View previous topic :: View next topic |
Author |
Message |
jesnow l33t
Joined: 26 Apr 2006 Posts: 888
|
Posted: Tue Apr 30, 2024 5:37 pm Post subject: wireguard stopped working (again) [never solved] |
|
|
Yet again, wireguard fails silently. At least the debug chain is less frustrating because I know it's probably wireguard's fault.
I sit down at my computer, and my remote mounts aren't available. OK. So I ssh through the wg tunnel, nothing, wg is broken. So when did this happen? Four days ago at midnight. Makes sense, I haven't used the machine since that (WFH). My previous experiences (two debug sessions) with this problem are here:
https://forums.gentoo.org/viewtopic-t-1167259-highlight-.html
https://forums.gentoo.org/viewtopic-t-1166203-highlight-.html
Only this time I haven't rebuilt the kernel. It just stopped working four days ago. I can see this from the output of wg (last handshake) and this:
Code: |
vanaert jesnow # grep nfs: /var/log/messages
Apr 26 00:55:20 vanaert kernel: nfs: server 10.0.17.1 not responding, still trying
Apr 26 00:55:49 vanaert kernel: nfs: server 10.0.17.1 not responding, still trying
Apr 26 00:57:48 vanaert kernel: nfs: server 10.0.17.1 not responding, still trying
Apr 26 00:58:19 vanaert kernel: nfs: server 10.0.17.1 not responding, still trying
Apr 26 00:59:46 vanaert kernel: nfs: server 10.0.17.1 not responding, still trying
Apr 26 00:59:46 vanaert kernel: nfs: server 10.0.17.1 not responding, still trying
Apr 26 01:01:59 vanaert kernel: nfs: server 10.0.17.1 not responding, still trying
Apr 26 01:01:59 vanaert kernel: nfs: server 10.0.17.1 not responding, still trying
Apr 26 01:04:12 vanaert kernel: nfs: server 10.0.17.1 not responding, still trying
Apr 26 01:06:26 vanaert kernel: nfs: server 10.0.17.1 not responding, still trying
Apr 26 03:57:16 vanaert kernel: nfs: server 10.0.17.1 not responding, still trying
Apr 26 03:59:29 vanaert kernel: nfs: server 10.0.17.1 not responding, still trying
Apr 26 03:59:29 vanaert kernel: nfs: server 10.0.17.1 not responding, still trying
Apr 26 12:51:58 vanaert kernel: nfs: server 10.0.17.1 not responding, still trying
Apr 26 12:51:58 vanaert kernel: nfs: server 10.0.17.1 not responding, still trying
Apr 26 12:54:11 vanaert kernel: nfs: server 10.0.17.1 not responding, still trying
|
NFS is thankfully doing me the favor of telling me that it had a connection that suddenly stopped responding.

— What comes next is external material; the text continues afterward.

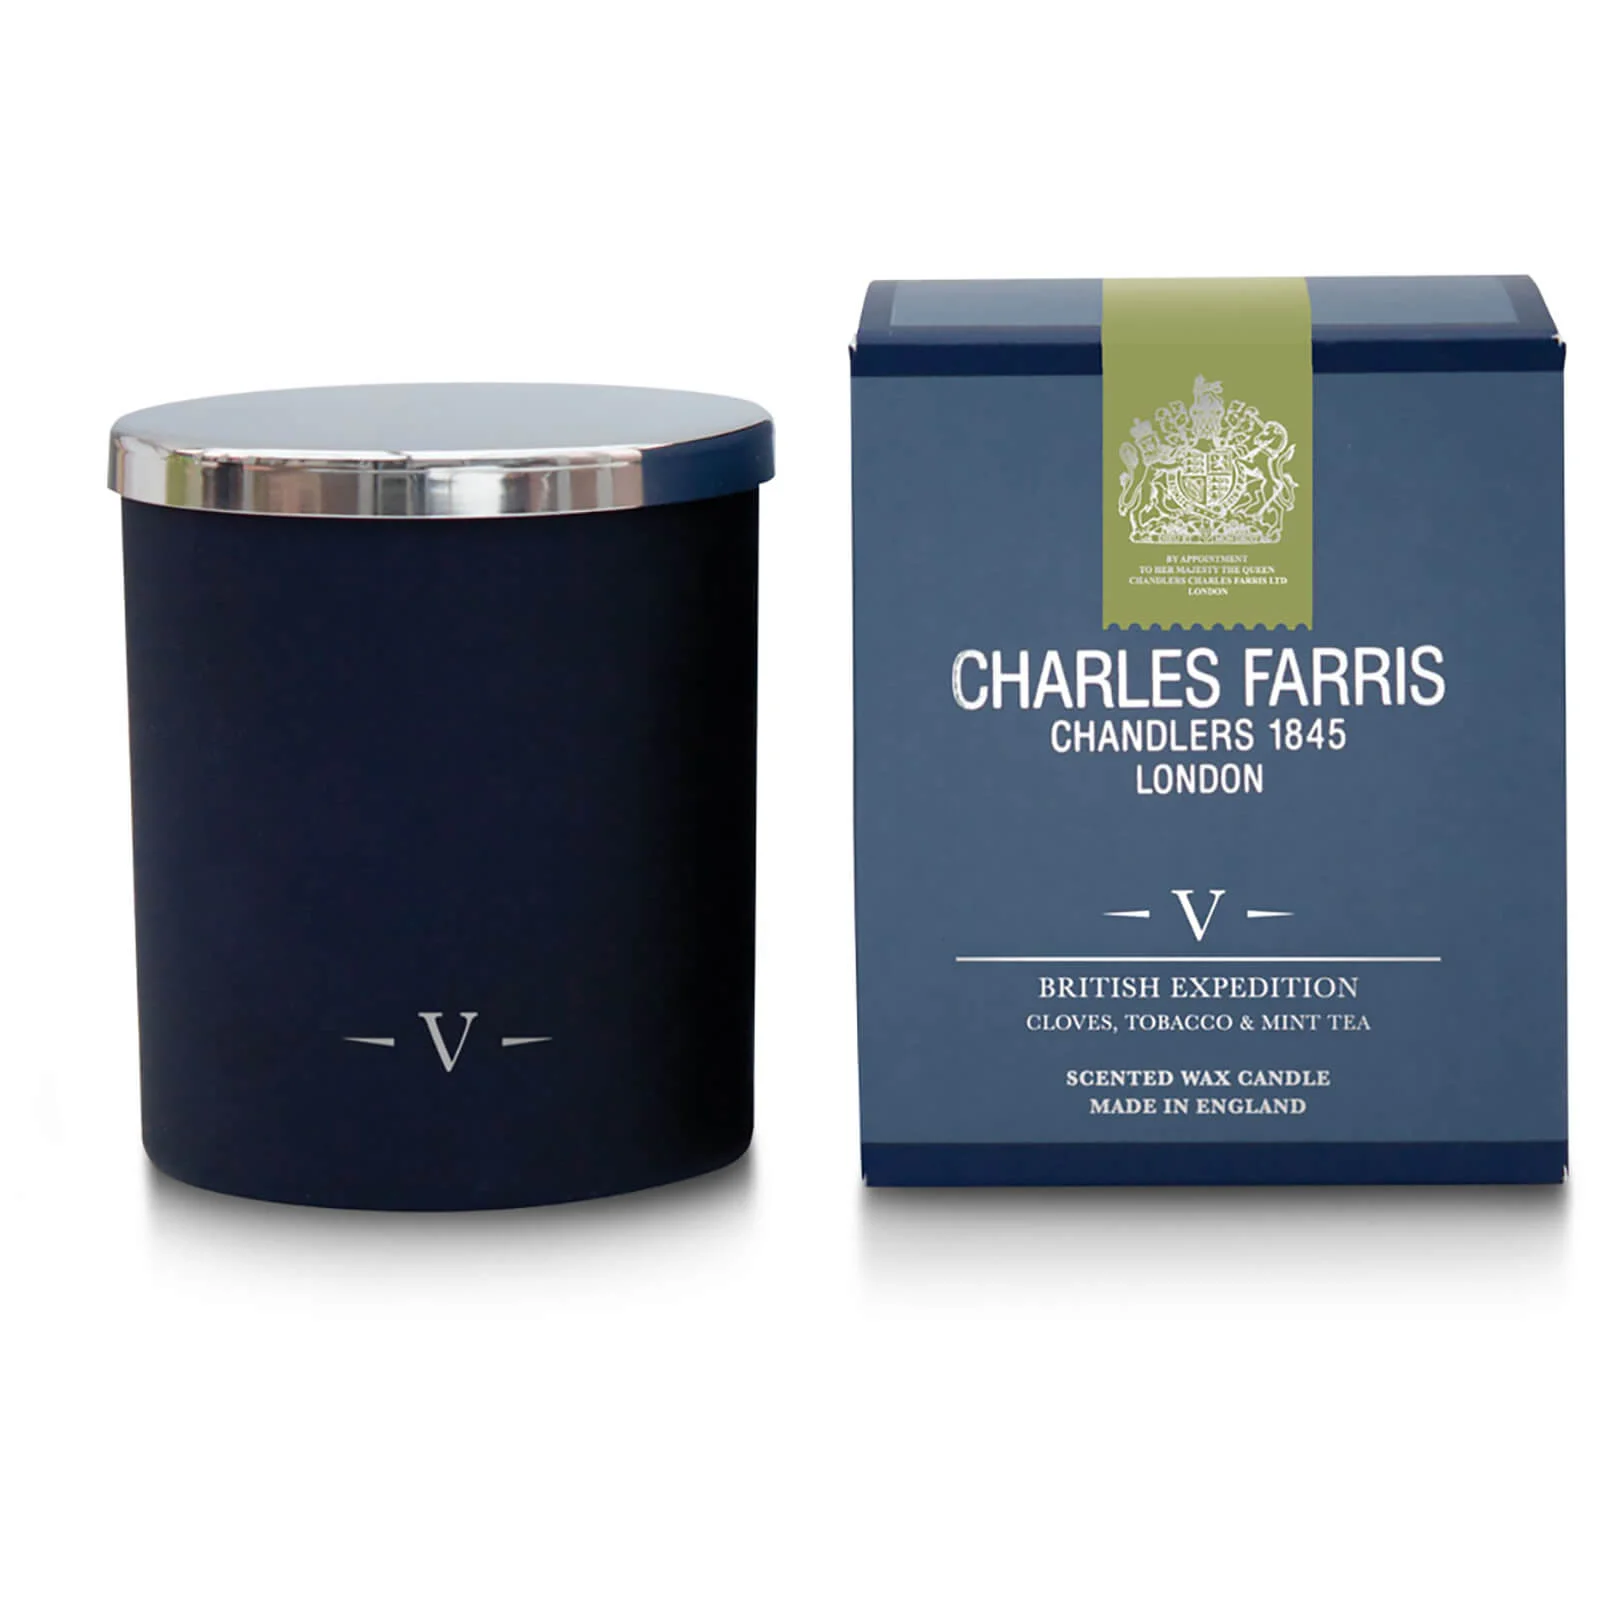 Charles Farris Signature British Expedition Candle 210g Image 1
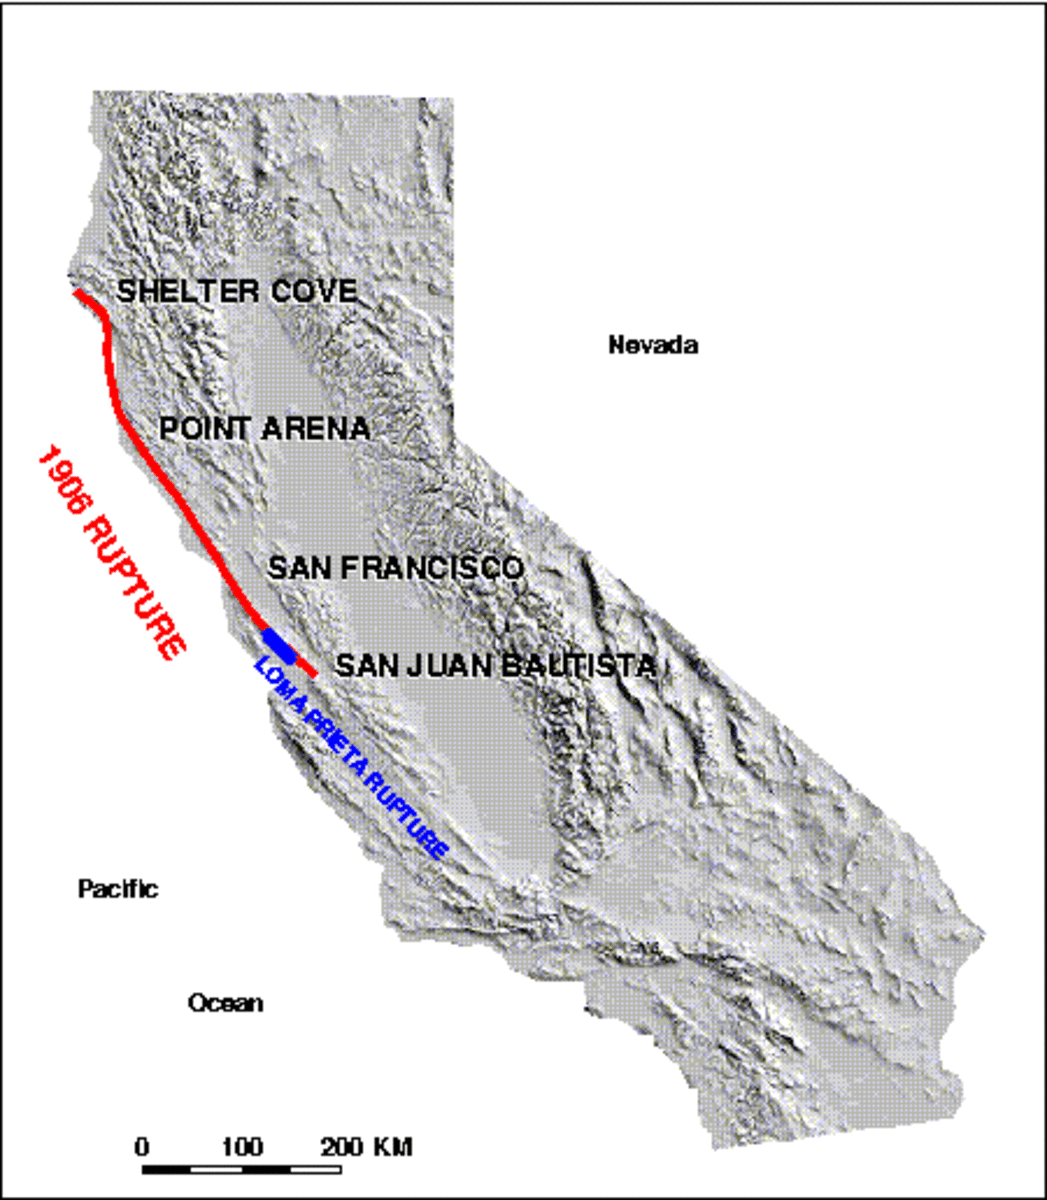 USGS image. (Don't confuse the wording in blue with the illustrative line of the fault.) The actual 1989 rupture, in blue, is overlaid on the red line for the 1906 quake, and it is very tiny.

I restart nfs and wireguard. Nothing. But also no error messages, just nothing. I really wish that either of them when they are told there should be an interface there or a remote mount that they should be seeing, that it's a problem and they should write to the syslog when there is nothing there. I get *endless* chatter in /var/log/messages from dbus and networkmanager, and other super chatty daemons, to the point where it's hard to scan the logs for problems because there's so much junk filling it up.
But I can't connect to my remotes, because the wireguard interface is dead and wireguard is "OK this is fine". And I have no idea that it's not working and no way of knowing why it's not working.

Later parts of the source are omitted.